Supplementary file 1

Figure 1

Preferred Reporting Items for Systematic Reviews and Meta-Analyses flow diagram.

Study selection

All authors independently considered the potential eligibility of titles and abstracts generated by the search strategy. Full-text articles were obtained unless two or more reviewers deemed an abstract ineligible, with 10% of excluded records cross-checked. Each full-text report was assessed independently for final study inclusion. Disagreements about full-text inclusion were resolved by consensus. Meta-analysis was precluded by heterogeneity in outcome variables and labels employed. Four authors (DSJC, RM-B, ST, ZS) extracted data from an approximately equal number of articles, and all authors cross-checked the extraction for accuracy and consistency. Disagreements were resolved by consensus.

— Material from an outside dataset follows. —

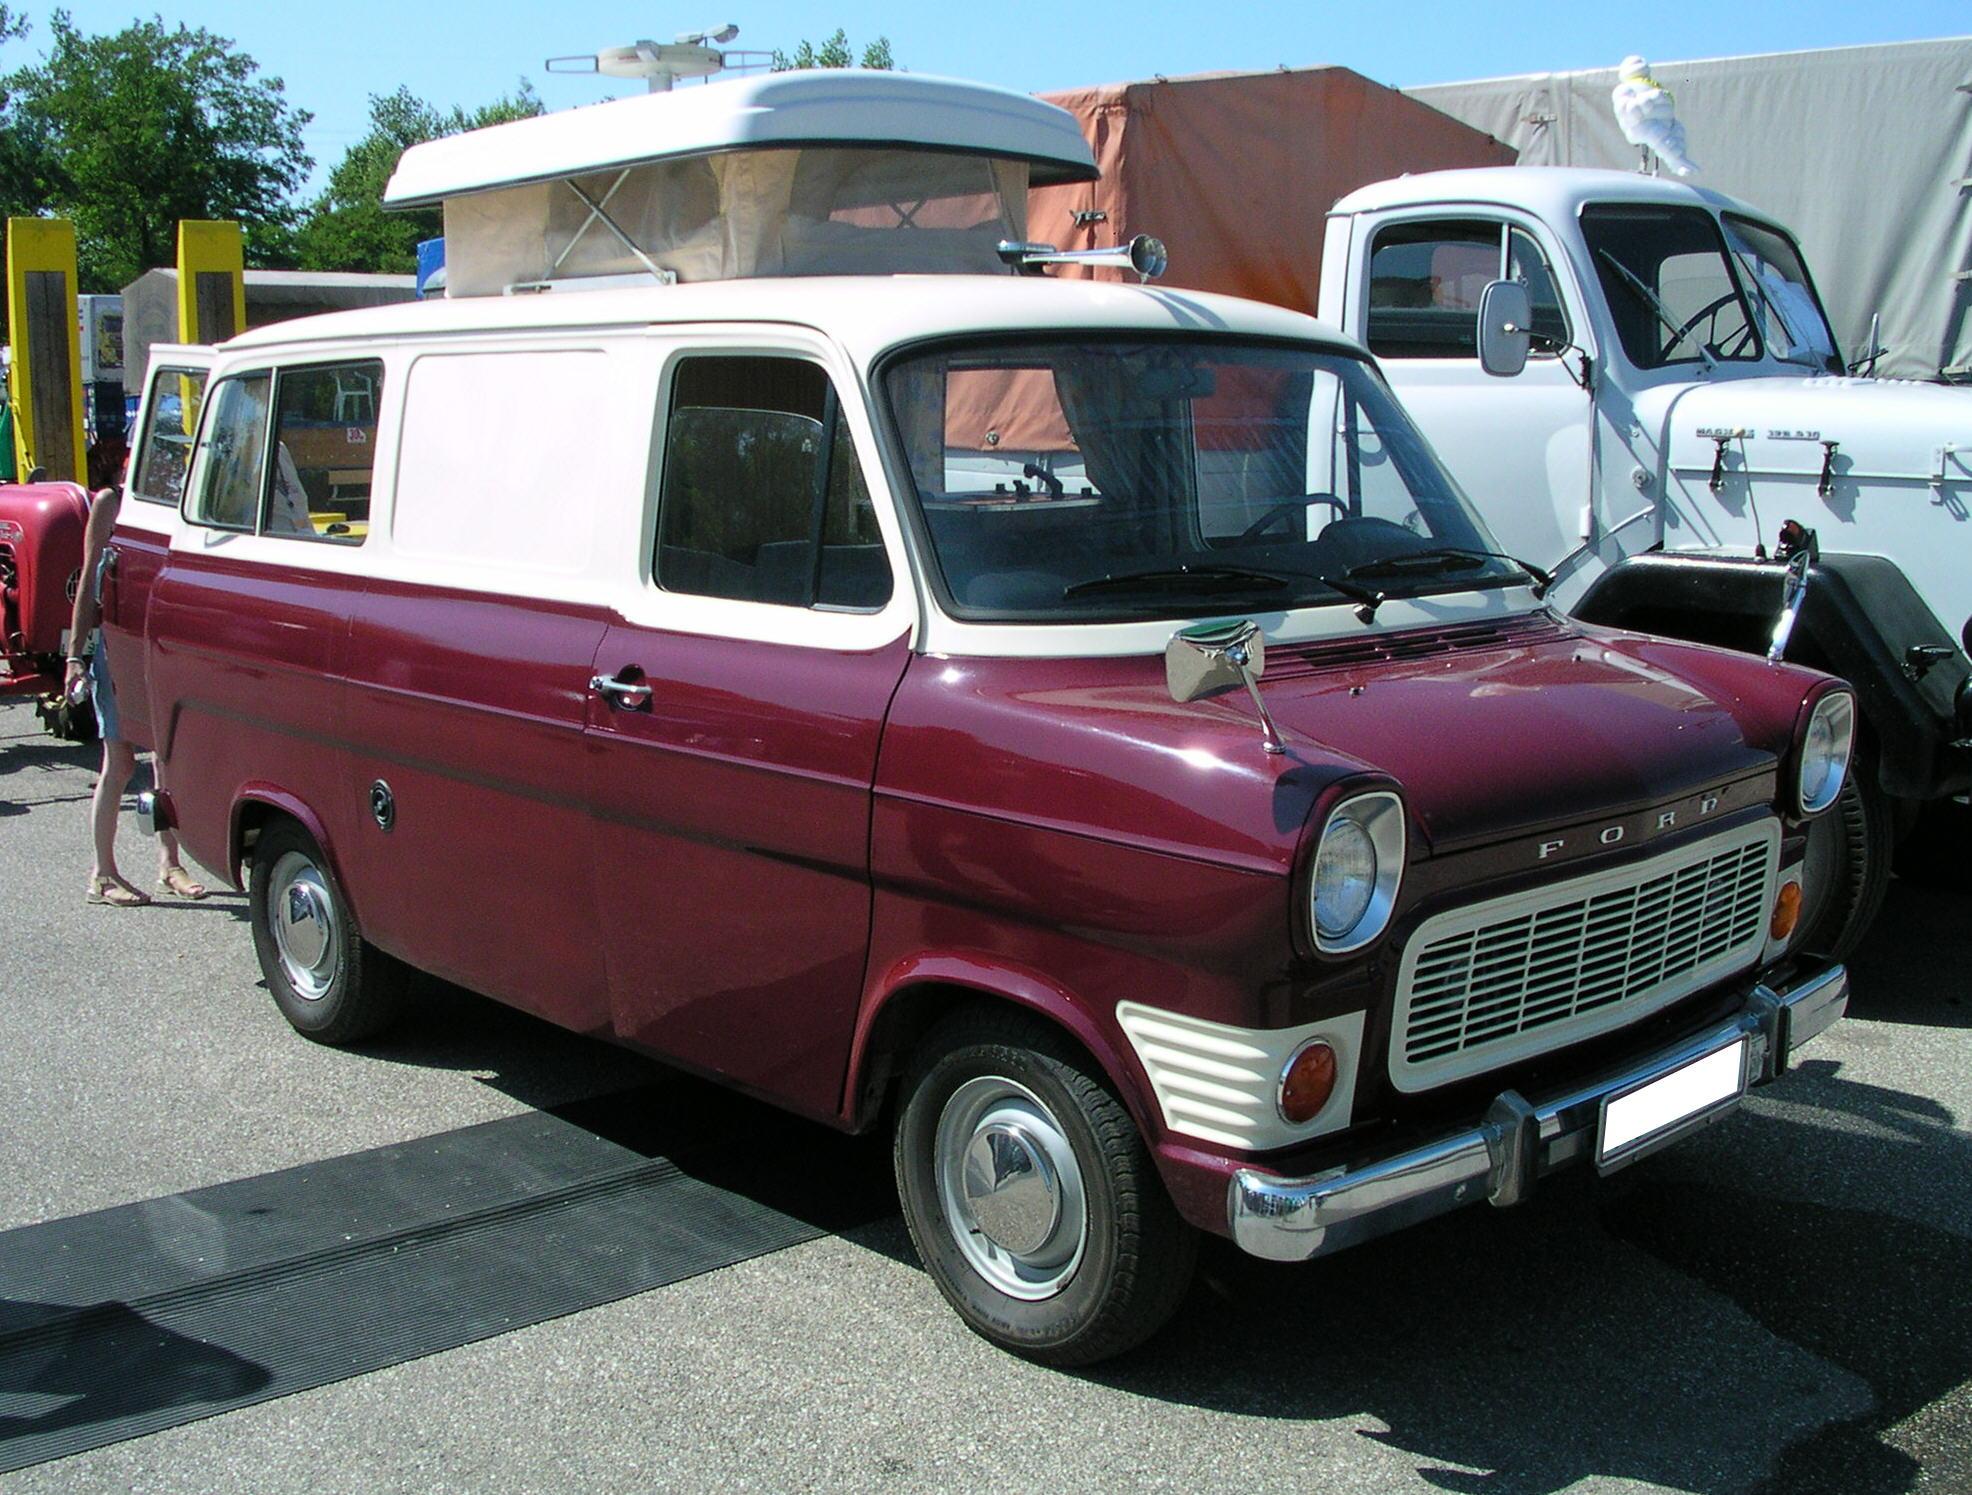 Ford Transit I Wohnmobil vr.jpg

Data extraction and quality assessment

The reporting quality of the reviewed studies was assessed by all authors using criteria based on selected criteria from the Strengthening the Reporting of Observational Studies in Epidemiology statement for observational and cross-sectional designs25 (online supplementary appendix 2). Reporting quality assessments were conducted by a second reviewer for 10% of articles. Results of all articles were interpreted, however articles receiving a low-quality score (<25%) were excluded from secondary analyses to determine whether such studies influenced the results.

Supplementary file 2

Data synthesis and analysis

For each study we examined preference, ranking or rating of each term, and determined which was most preferred. We summarised these data taking into account the specific healthcare context in which each study was conducted, and how the question was asked (including specific phrasing, if provided). We also considered year of publication and country in which the study was conducted, as well as other variables potentially predictive of preference.

Patient and public involvement

As this is a literature review, no individuals other than the authors were directly involved in this study.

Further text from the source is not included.